Exactly as written, please repeat the data that follows, but not the pictures.

INFORMATION SUPPLIED: Begin

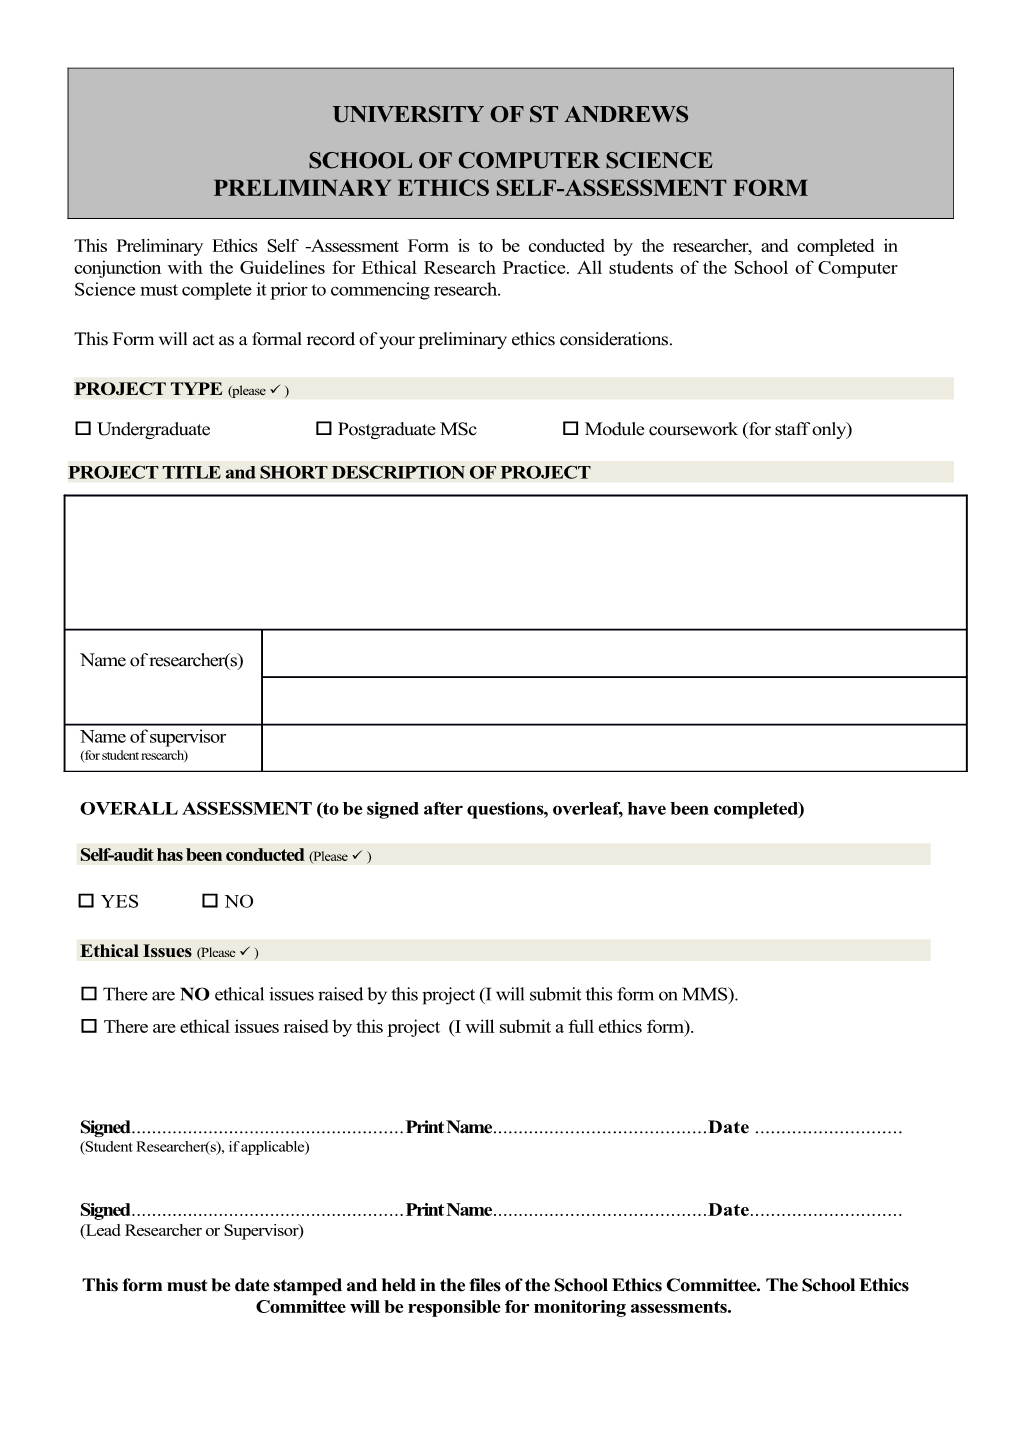 School of Computer Science Preliminary Ethics Self-Assessment Form
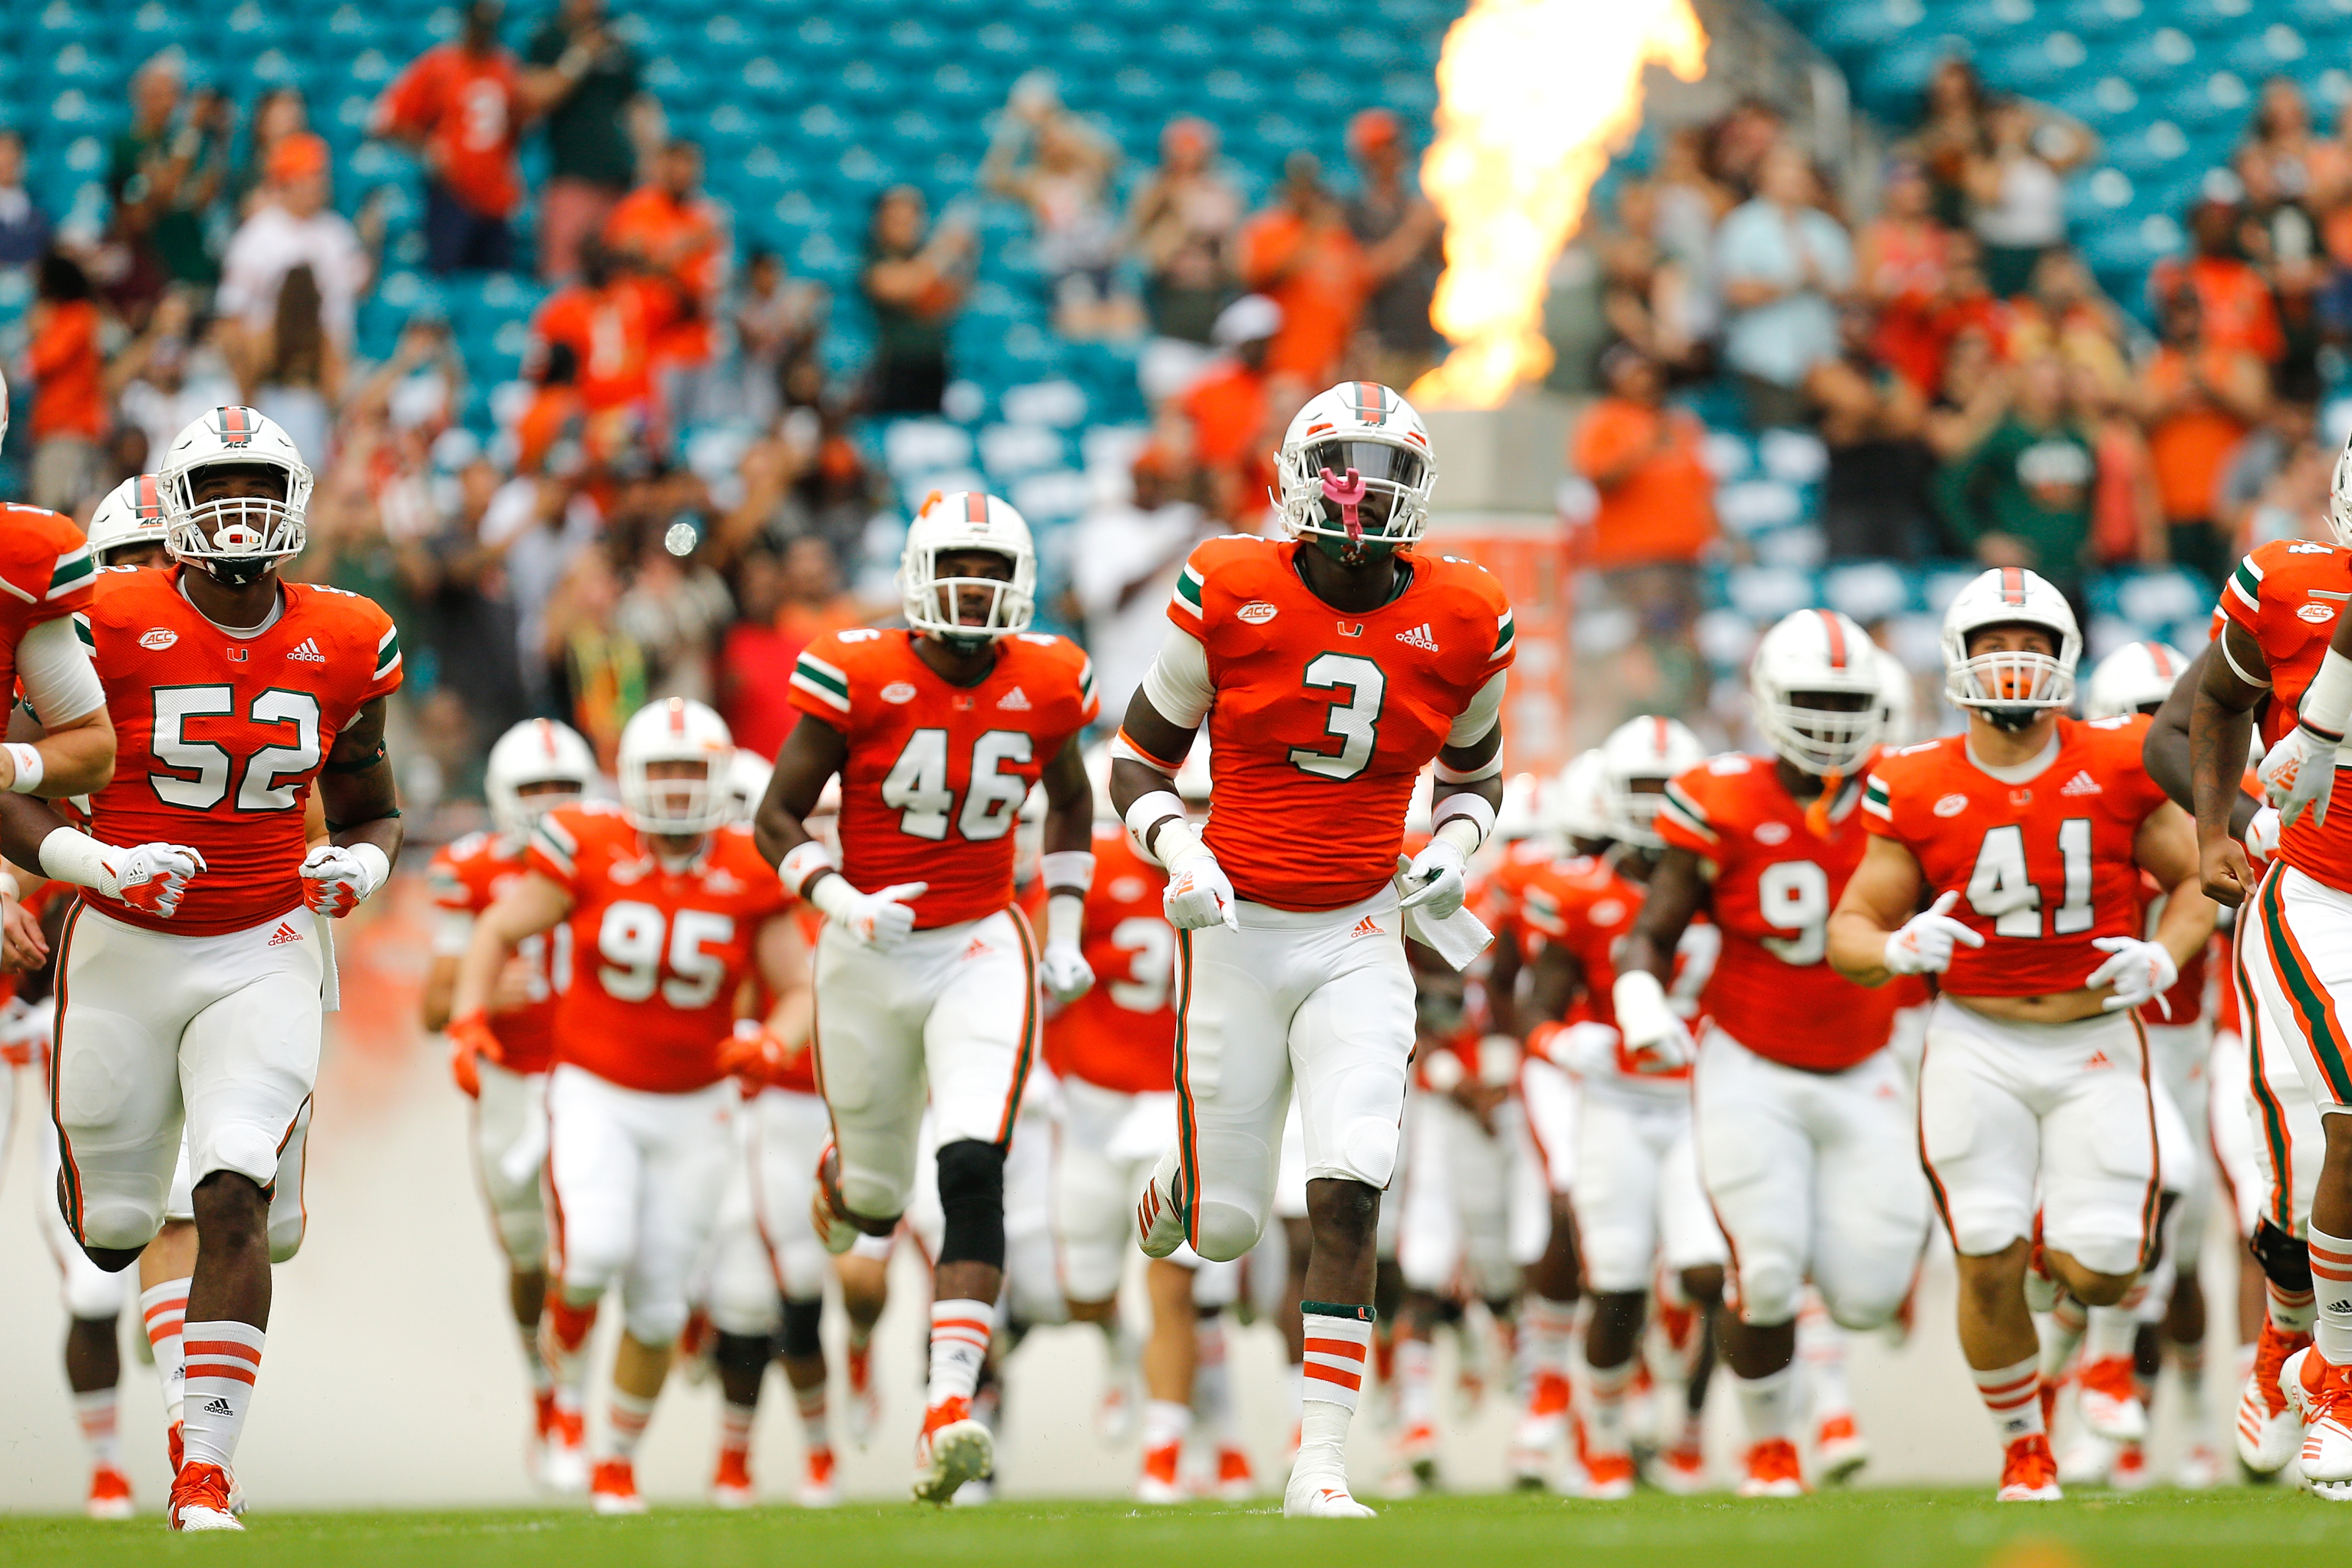 GO 'CANES! on X: The University of Miami is the only school in
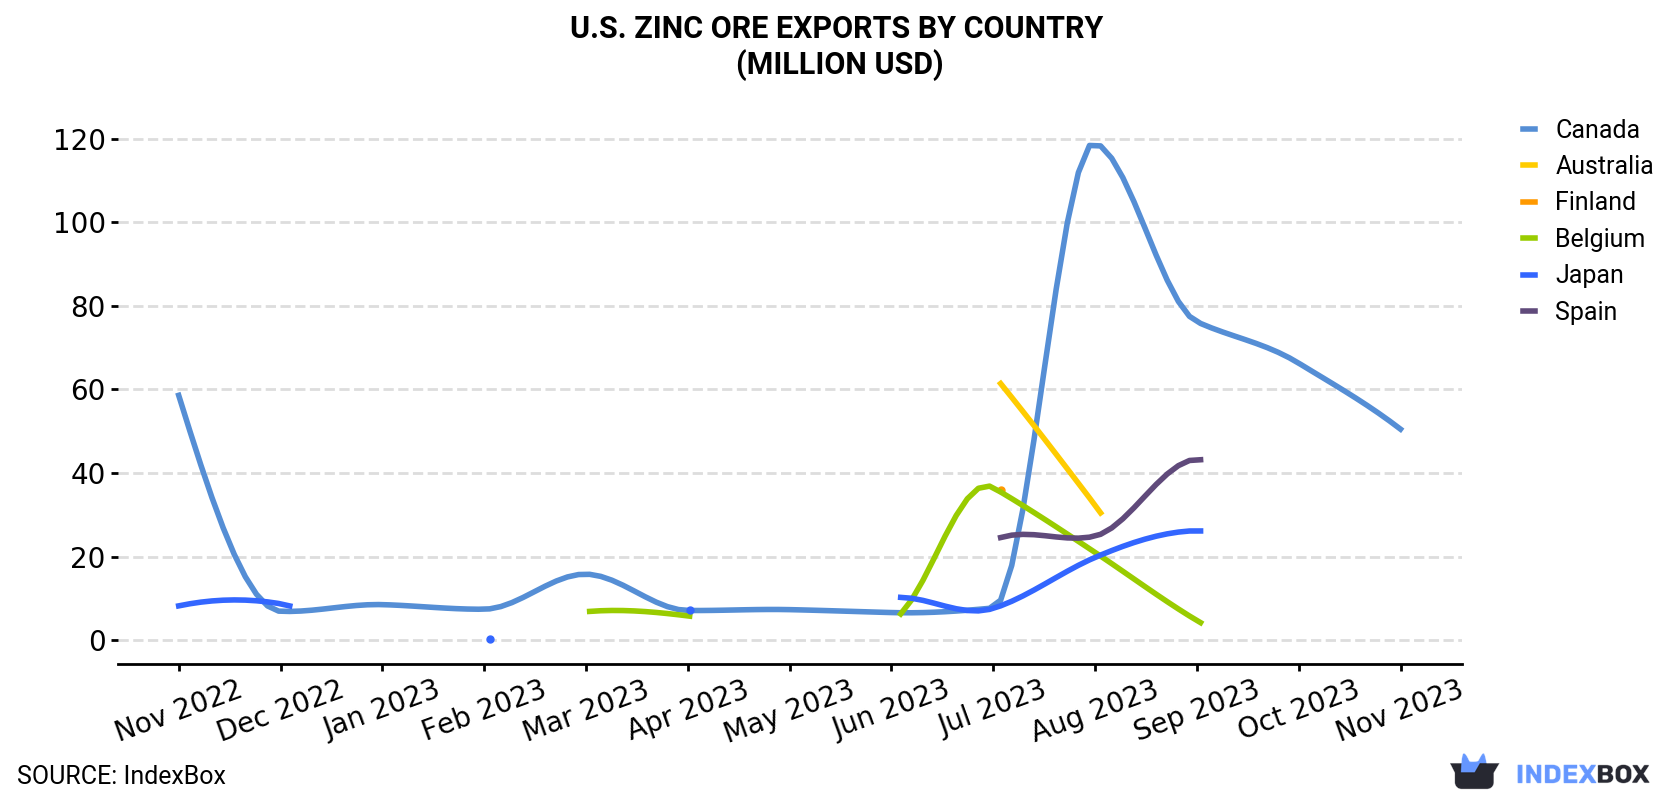 U.S. Zinc Ore Exports By Country (Million USD)
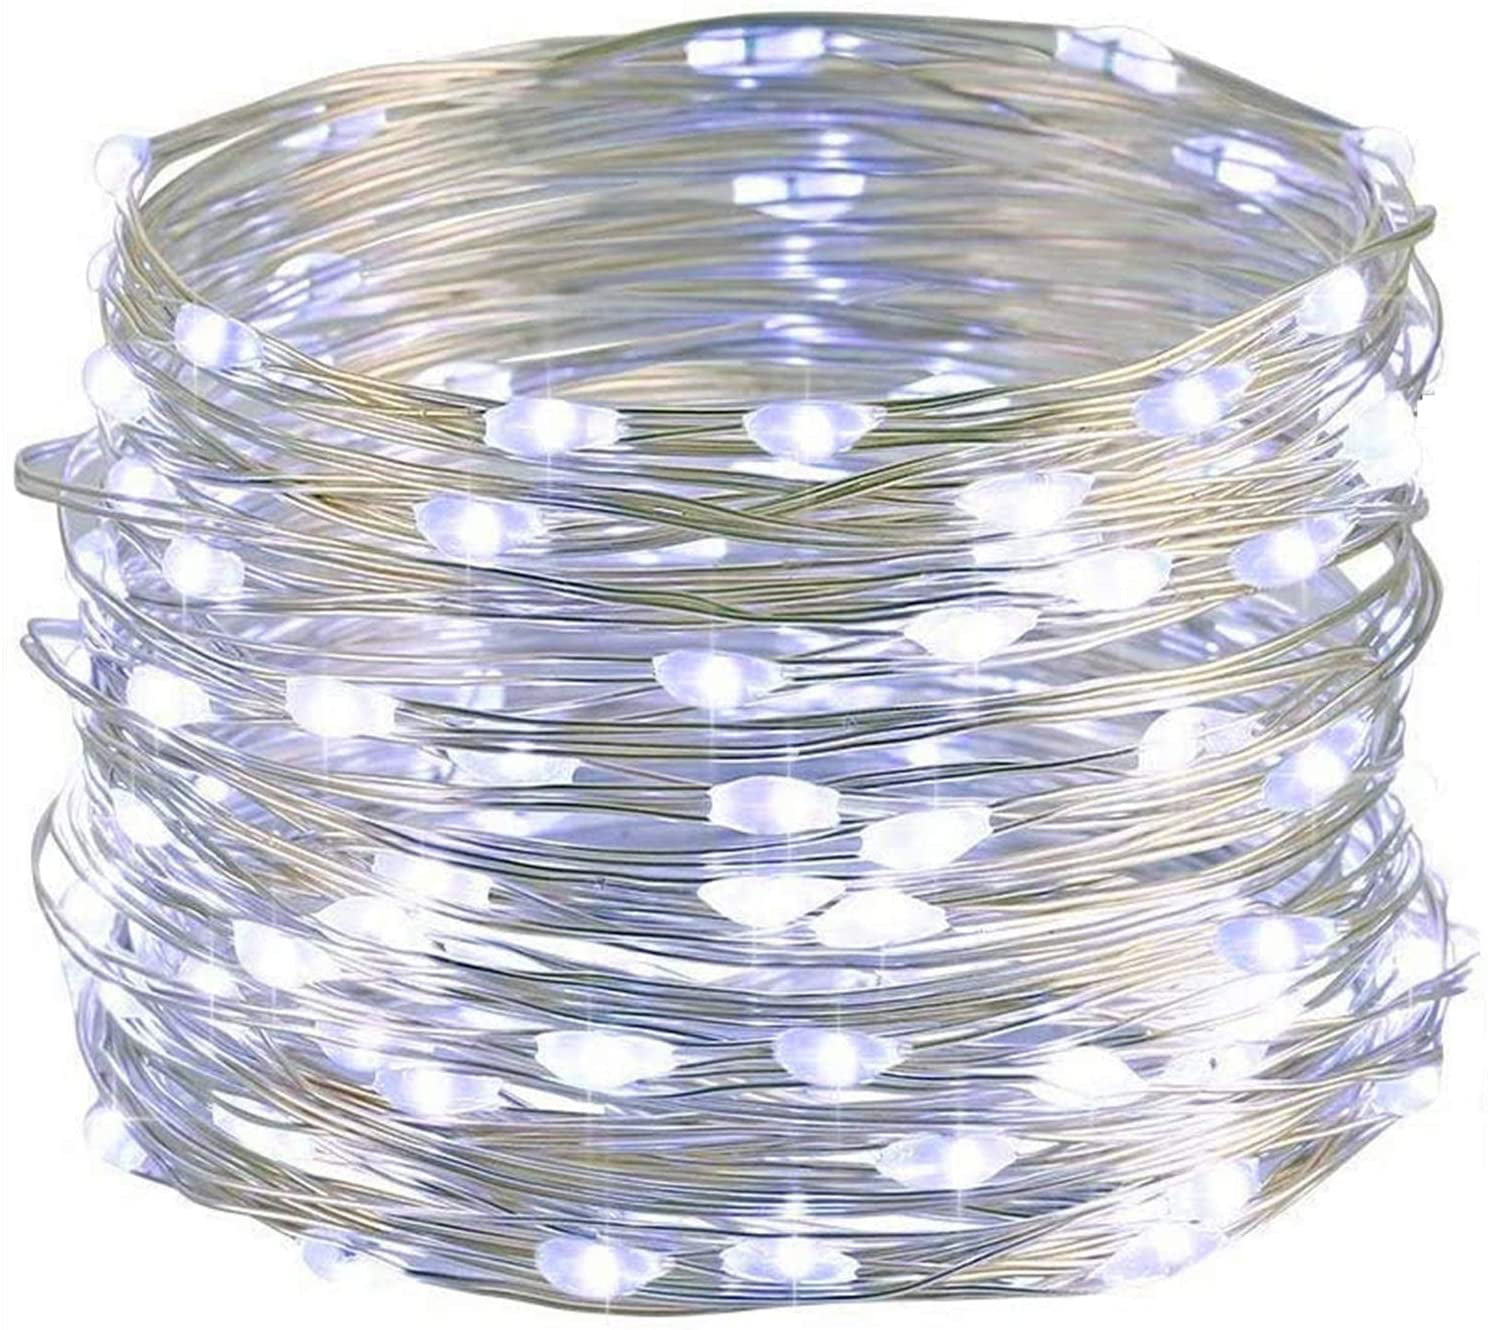 USB 10M 100LED 8-Mode String Copper Wire Fairy Lights Wedding Xmas Party Decor

INFORMATION SUPPLIED: End

> [EXERCISE OUTPUT]
 School of Computer Science Preliminary Ethics Self-Assessment Form
 GO 'CANES! on X: The University of Miami is the only school in
 U.S. Zinc Ore Exports By Country (Million USD)
 USB 10M 100LED 8-Mode String Copper Wire Fairy Lights Wedding Xmas Party Decor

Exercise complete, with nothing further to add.